## Work task:
Transcribe nothing except the lines below that run from the one with "Illustration of hair" to the one with "The History of", ends included, and do not copy any picture.

## Materials provided:
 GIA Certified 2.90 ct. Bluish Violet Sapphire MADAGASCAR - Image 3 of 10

* * *

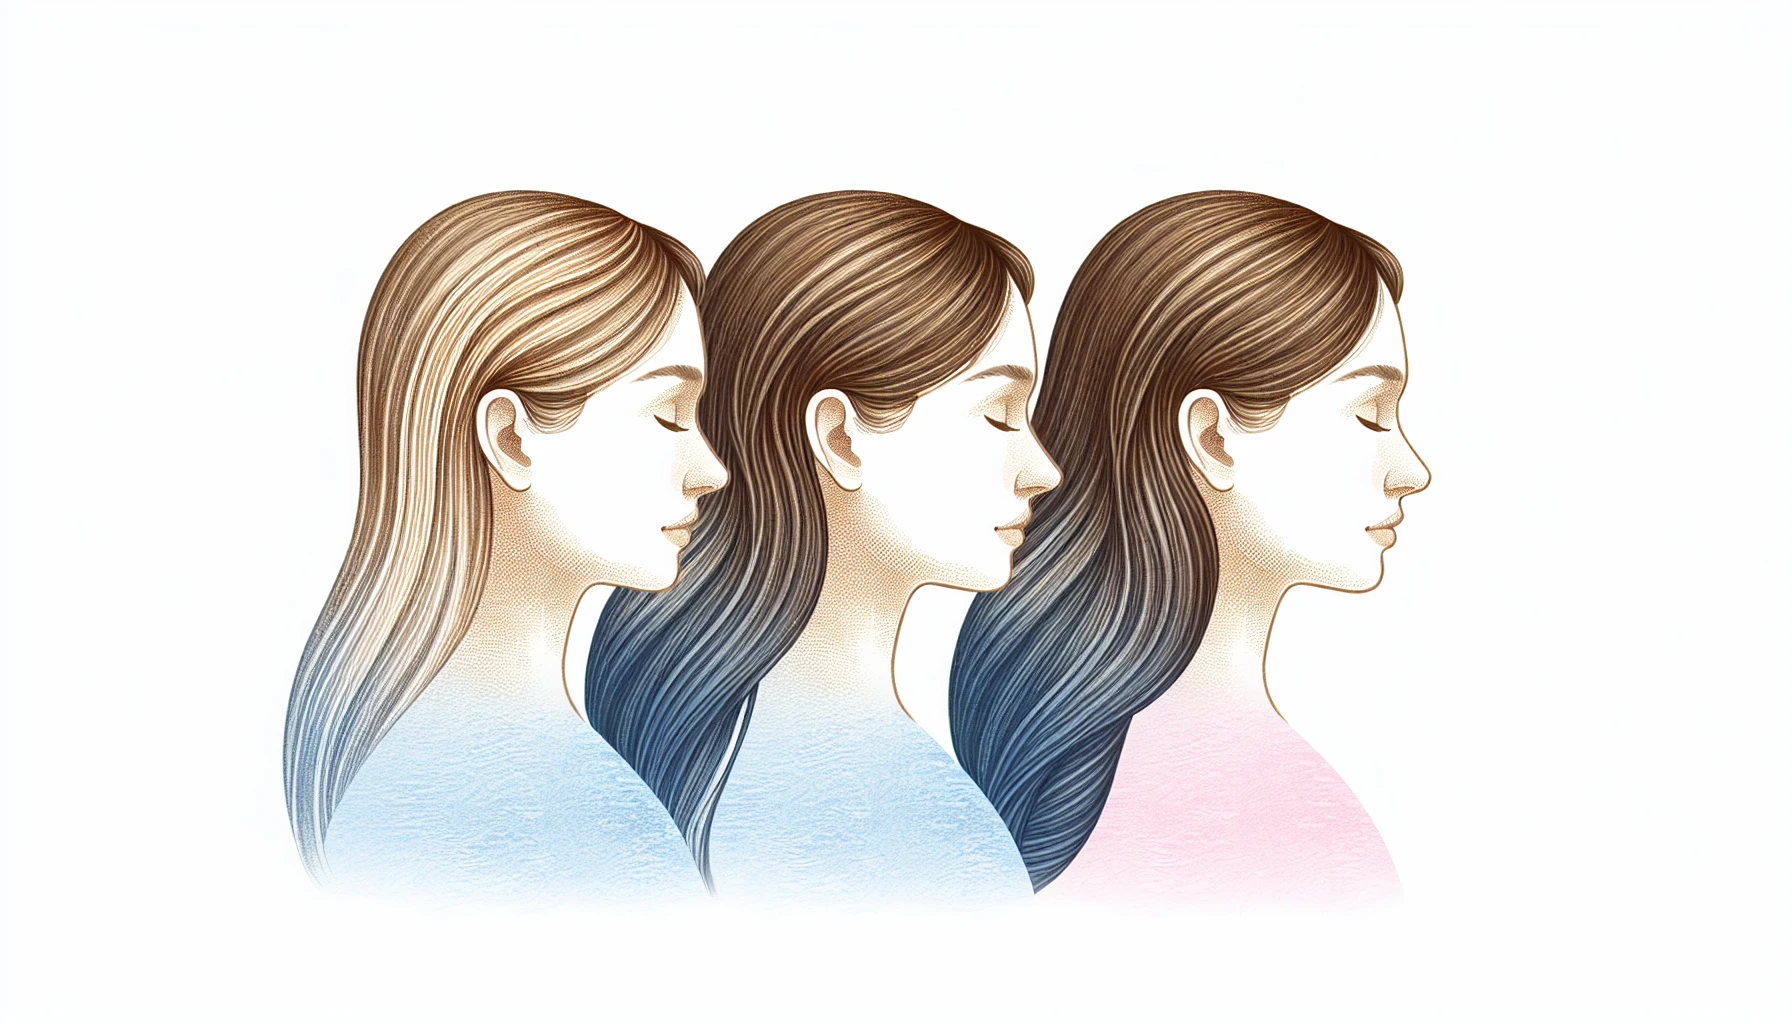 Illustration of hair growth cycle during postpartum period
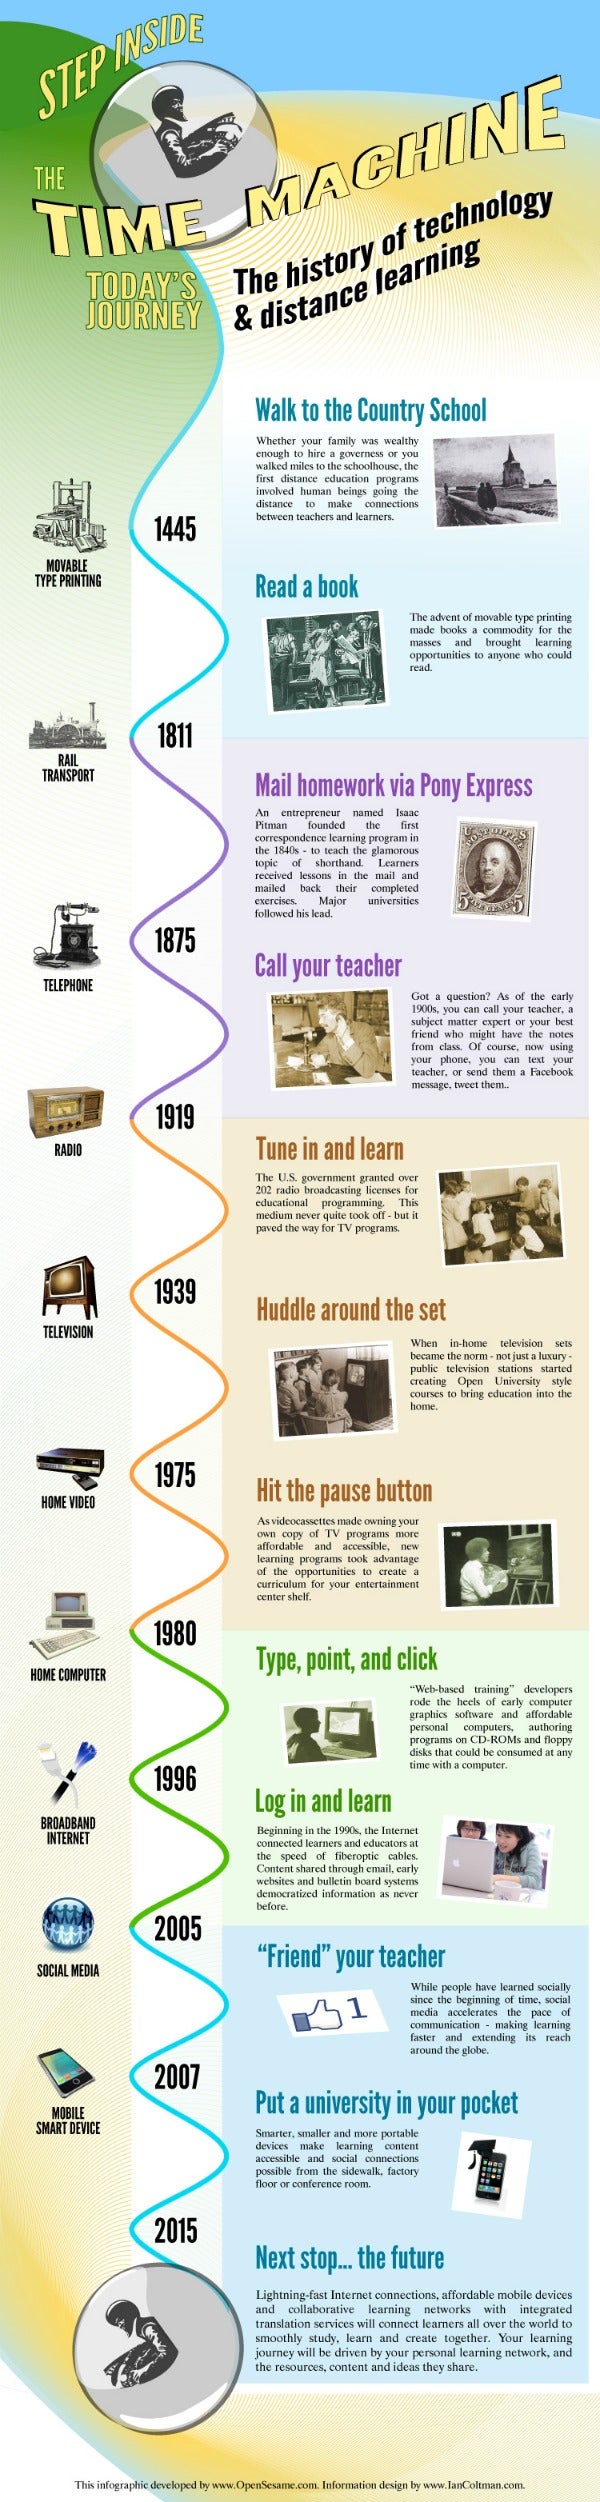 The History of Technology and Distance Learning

## Answer to the problem:
 Illustration of hair growth cycle during postpartum period
 The History of Technology and Distance Learning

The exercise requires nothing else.